Губы Арины посинели от холода, они онемели и не слушались, будто чужие. Она попыталась прошептать, но получился лишь хриплый, сорванный выдох, больше похожий на предсмертный хрип.
— А… Арина…
Повторить имя ей пришлось мысленно, вложив в него все, что она могла, — остатки гордости, всю накопленную боль, всю выстраданную ярость, всю горечь предательства. Она швырнула ему свое имя, как бросают монету в бездонный колодец.
Существо, Болотник, восприняло это. Она физически почувствовала, как ее имя, оторвавшись от нее, отзывается эхом в окружающем пространстве, будто его подхватили шепотки в камышах, бульканье в глубине, скрип деревьев, сам влажный воздух. Оно разнеслось по болоту, вплетаясь в его вечную песнь.
…А-ри-на… — прокатилось незримой волной, и на миг показалось, что даже блуждающие огоньки замерли в почтительном реверансе, а ветви старых сосен склонились ниже.
И тут случилось нечто, чего она не ожидала, что тронуло какую-то потаенную, еще живую струну в ее очерствевшей душе. Из темной воды рядом с ней медленно всплыли несколько больших, восково-белых кувшинок. Они были идеальной, неземной формы, их лепестки мерцали в сумраке собственным жемчужным светом, будто вобрав в себя лунный свет за многие ночи. Они подплыли к ней, и одна, самая крупная и совершенная, мягко, почти благоговейно, коснулась ее щеки. Прикосновение было прохладным и нежным, словно поцелуй призрака, поцелуй самой смерти, которая вдруг проявила несвойственную ей ласку. Это была первая ласка, первое проявление чего-то, отдаленно напоминающего заботу, которую она ощутила за долгое время.

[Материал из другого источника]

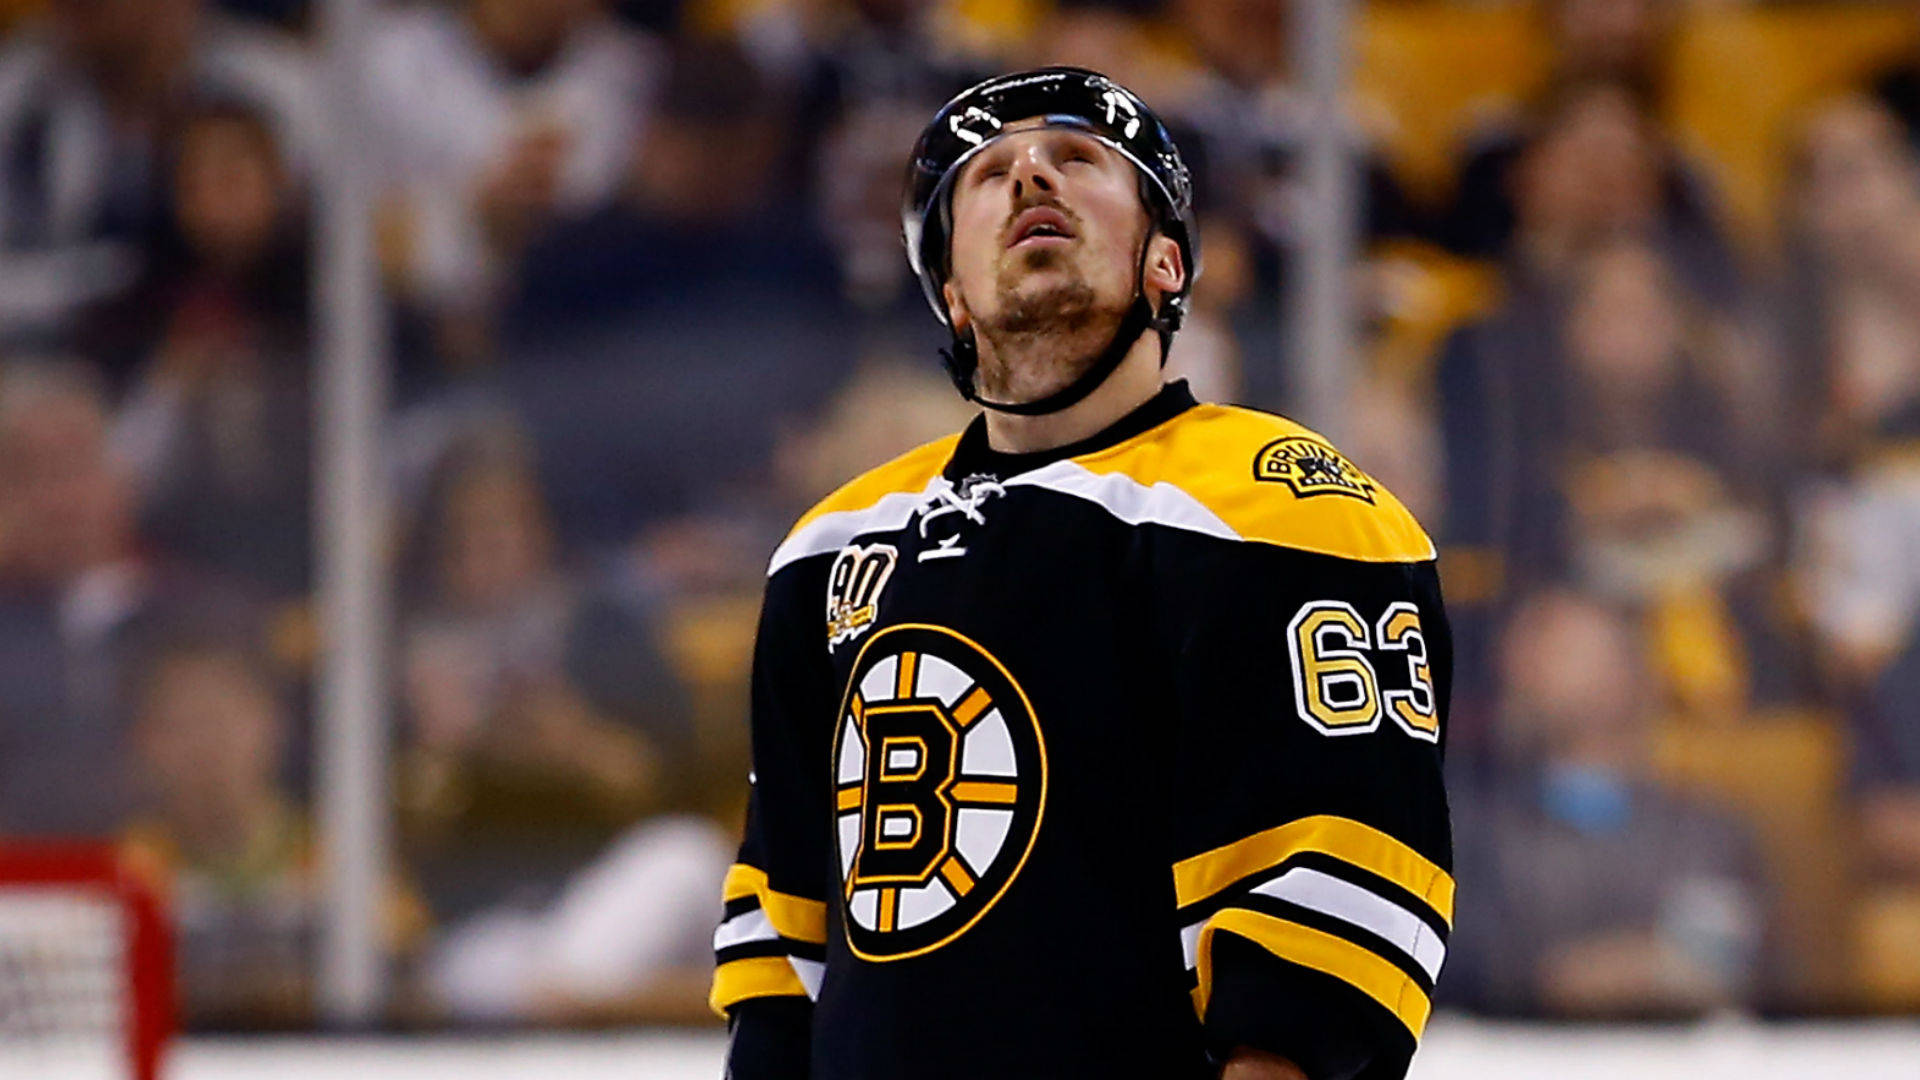 Professional Ice Hockey Star Brad Marchand In Action Background

И исходила она от самого болота, от этого гиблого места. Слезы, которых она не могла пролить от боли и унижения, теперь навернулись на глаза от этой чудовищной, непостижимой нежности. Существо наблюдало, и в его бездушном присутствии она уловила слабый отголосок чего-то, что можно было принять за удовлетворение художника, закончившего свою странную работу. Оно не просто принимало ее — оно начинало обхаживать свою новую собственность, демонстрируя, что в его власти не только ужас и смерть, но и эта мрачная, извращенная, леденящая красота.
Затем в ее разум хлынуло нечто, от чего она чуть не вскрикнула, — мощный, неудержимый поток. Это не были слова. Это были образы, чувства, ощущения. Яркие, жгучие, дышащие дикой, первозданной силой. Они заполнили ее целиком, вытеснив все остальное.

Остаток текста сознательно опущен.